-Caveat Lector-   <A HREF="http://www.ctrl.org/">
</A> -Cui Bono?-

          William F. Buckley, Jr. - ON THE RIGHT
                 Friday, February 4, 2000
------------------------------------------------------------
Arguably, Gore was hiding something


By William Buckley

The primary in New Hampshire notwithstanding, Candidate Al
Gore can't hope to have buried the history of his variable
stands on abortion. As late as primary day itself, The New
York Times published an op-ed piece by abortion enthusiast
Faye Wattleton, whose greatest fear is that the very subject
should actually be put up for political discussion since,
manifestly, it isn't a political question at all. "The right
to abortion is a private issue. It shouldn't be a political
football that candidates can kick around at will."

The New York Post's Vincent Morris and Deborah Orin had nicely
framed the whole question, reviewing two letters written by
Candidate Gore to his constituents while he served in the
House of Representatives. The issue, they point out correctly,
evolves less as what were/are Mr. Gore's views on the abortion
issue than what was/is Gore's attachment to telling the truth.

In the '80s, a young graduate of Harvard Law School came up
with an emancipating point. The writer of the majority
decision in Roe vs. Wade had said that the nature of a fetus
hadn't been defined, leaving open the question whether it was
a "person." Well, said Stephen Galebach, why not ask Congress
to decide whether it is a person? The motion did not carry,
but Mr. Gore voted in the House to define a "person" in civil-
rights laws to include unborn children from the moment of
conception.

In what seemed a panicked defense, Gore told reporters in New
Hampshire that in the letters to his constituents he had used
the word "arguably" on the question whether a fetus was human
life. He wishes now that he hadn't used the word.

Why not? Using round numbers, approximately half of the
American people believe that abortion is wrong. Why? If the
fetus were (to borrow the image from an inventive commentator)
a tomato, then there would be no reason at all for the
discussion at hand. True, you can rule some questions as out
of the boundaries of arguability. If your neighbor appears on
your doorstep wearing a tricornered hat, rings the bell, and
announces that he is Napoleon, what do you do? You smile, call
him Your Majesty, and wink at your wife to call the ambulance.
It is not an "arguable" question whether your caller is or
isn't Napoleon.

It is at the very least arguable that a fetus which one minute
later, having detached from the womb of his mother, possesses
inarguably the protections of the Bill of Rights as a human
being, was a human being one minute earlier. But the question
is likely to pause less on the question whether the fetus as
human, than on Al Gore as self-serving manipulator.
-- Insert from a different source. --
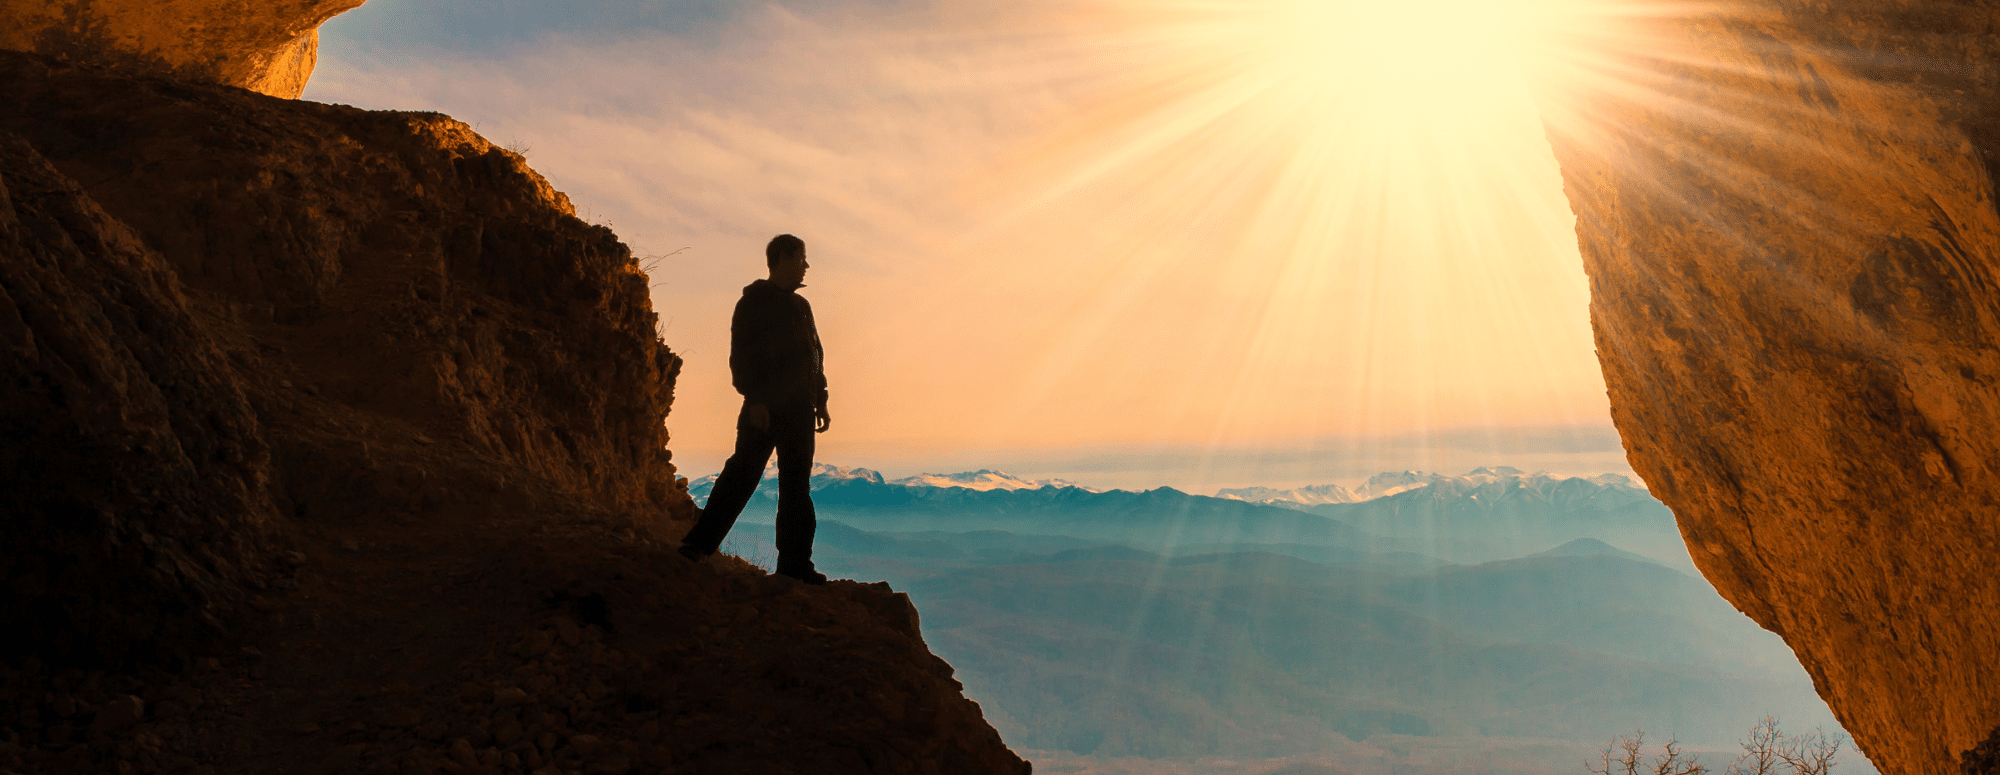 man on cliff looking at sun rays

Ms. Wattelton, though annoyed with Gore for having been
unorthodox in years gone by, provides him a little cover.
She tells her readers that Ronald Reagan used to be pro-
choice, as also was George (the former president) Bush. It
is true that Gov. Reagan signed a permissive abortion bill,
but Ms. Wattelton fails to record (perhaps she isn't aware of
it?) that in his private journals in future years he deeply
bemoaned having done so. Those journals were not written for
reporters to read before a primary vote. And Mr. Bush did
indeed change his position. It is fair to say, in a world
where opportunism is the presumptive motive, that he was
prompted to do so by political considerations in 1980. But
fair also to say that hard thought on the issue brought him
around, and that he was arguably sincere in his conversion.

The trouble Al Gore gives is the fortified presumption that
his policy positions are opportunistic for the simple reason
that he disguises his record in order to curry favor with the
target constituency. This is a real problem for the vice
president. Why couldn't he have said that, back in 1984, he
gave serious thought to the possibility that a fetus was human.
But that now, political ice ages later, he believes that the
women's reproductive-rights constituency have the better of
the argument and that therefore he will fight to keep Roe v.
Wade in place. Would not the Faye Watteltons of the world
prefer to hear it said in that way?

The central problem is that those who want political power
are, in most cases, drawn to temporize when giving views
different from those disclosed by the pollsters as
representing the views of the majority. There are political
moments when the mandate comes in athwart of political
opinion, and then one treads desperately on the tightrope,
as Abraham Lincoln did, devoted to the emancipation of the
slaves, and to the doctrine of self-government.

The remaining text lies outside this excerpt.